Вот и здесь явно работали именно такие ребята. И уже на середине папки я пошёл к бару и плеснул себе виски. То, что я нашёл в бумагах, сулило немало неприятностей.
Глава 15
Подмосковье. Поместье Барона Мартена
Сентябрь 1982 года
— Ну, рассказывай, — прохрипел старик. — По лицу вижу, что не очень тебя прочитанное обрадовало.
Он дал мне достаточно времени, чтобы изучить и проанализировать материал. Подхватив стул, я поставил его рядом с кроватью, но не сел. Сначала приволок ещё стул и водрузил на него бутылку вина и пару фужеров. Старик, глядя на это, крякнул.
— Ты заплатил своей жизнью за ритуал. Поверь, вино не сделает ни хуже, ни лучше, хоть упейся. Сожалею, но помочь тебе уже нельзя, — прямо сообщил я отцу. — Твоя жизнь — цена моей второй попытки.
Говорил я всё это, уже разливая вино по бокалам, и первый передал Григорию. Тот, чуть подумав, принял.

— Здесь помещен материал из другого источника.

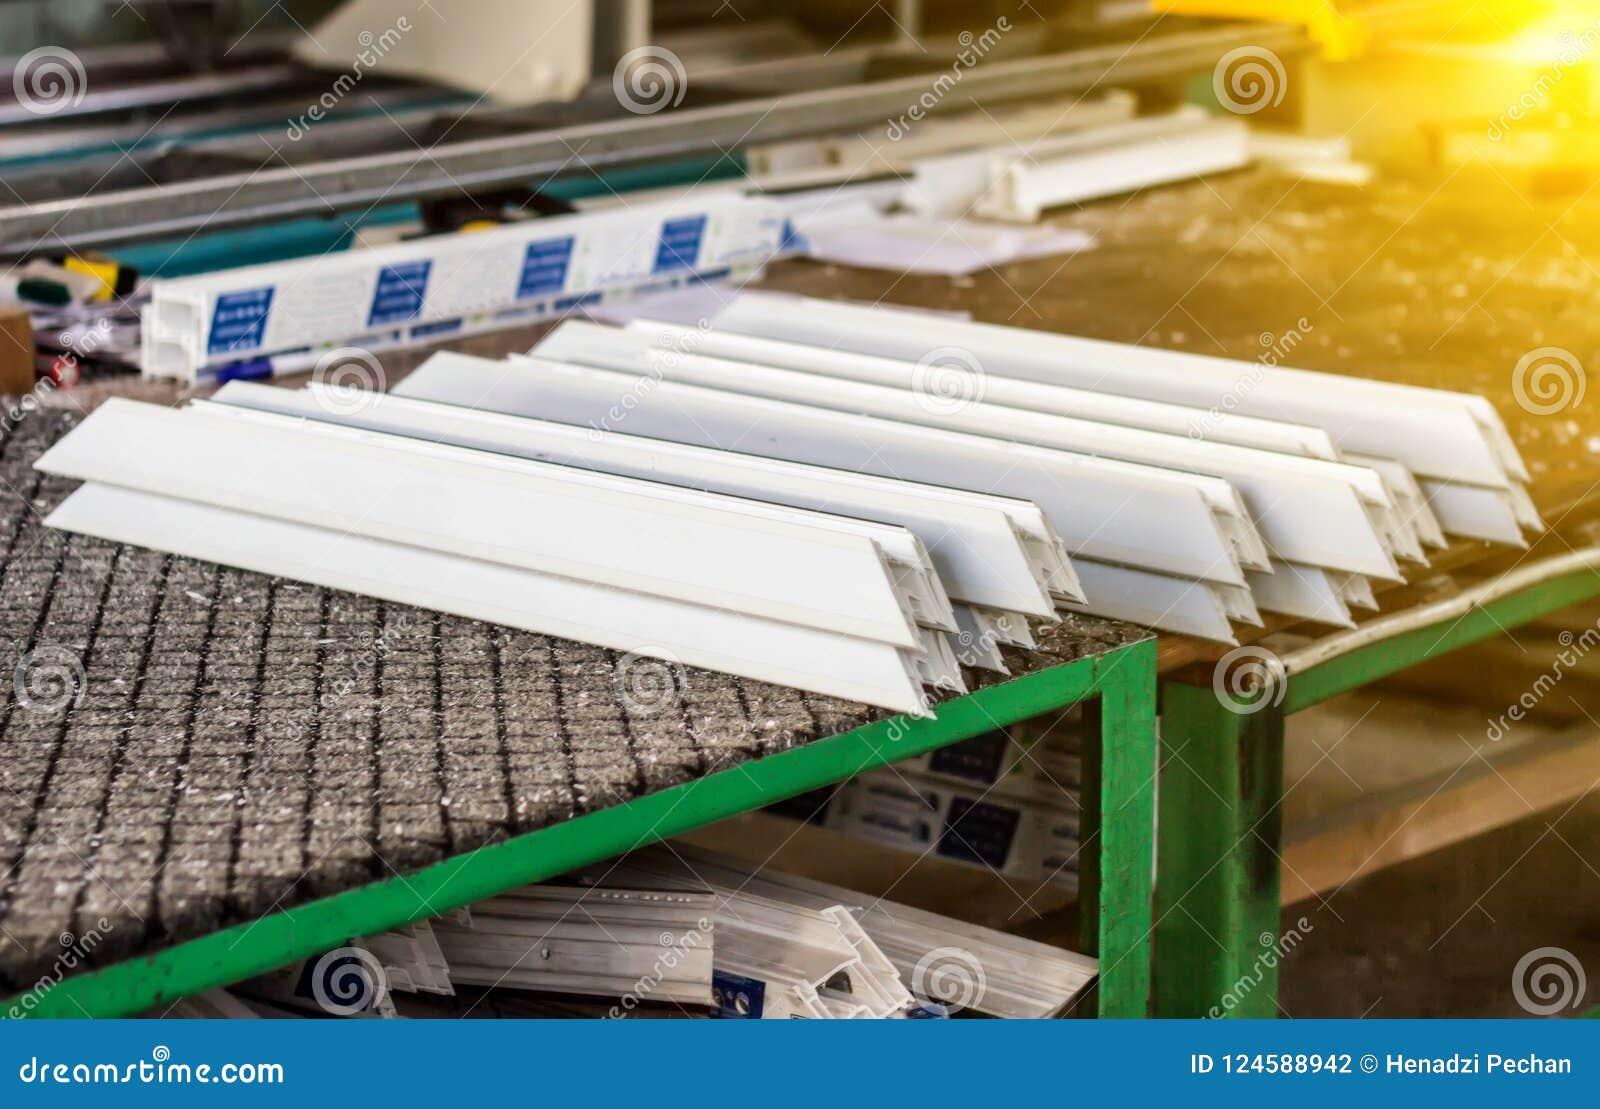 Plastic profiles for PVC windows 46

— Я в ритуалистике поднаторел, приходилось... Много чего приходилось, в общем, — не стал я углубляться в подробности, сейчас это значения не имело. — Нам обоим невероятно повезло, что ритуал прошёл именно так, как должен был. Построен ритуал так, что Гамаюн вовсе не был обязан нам помогать. Мог просто отказаться. Твоя жизнь — плата за мою. Однако самой сущности мы за её вмешательство не заплатили. Не знаю, как и что, но с меня это существо ещё спросит. В лучшем случае — оплата по выполнению. Если у меня всё получится, и я доживу до момента проведения ритуала, Гамаюн явится и, поздравив с выполнением, отберёт остаток жизни.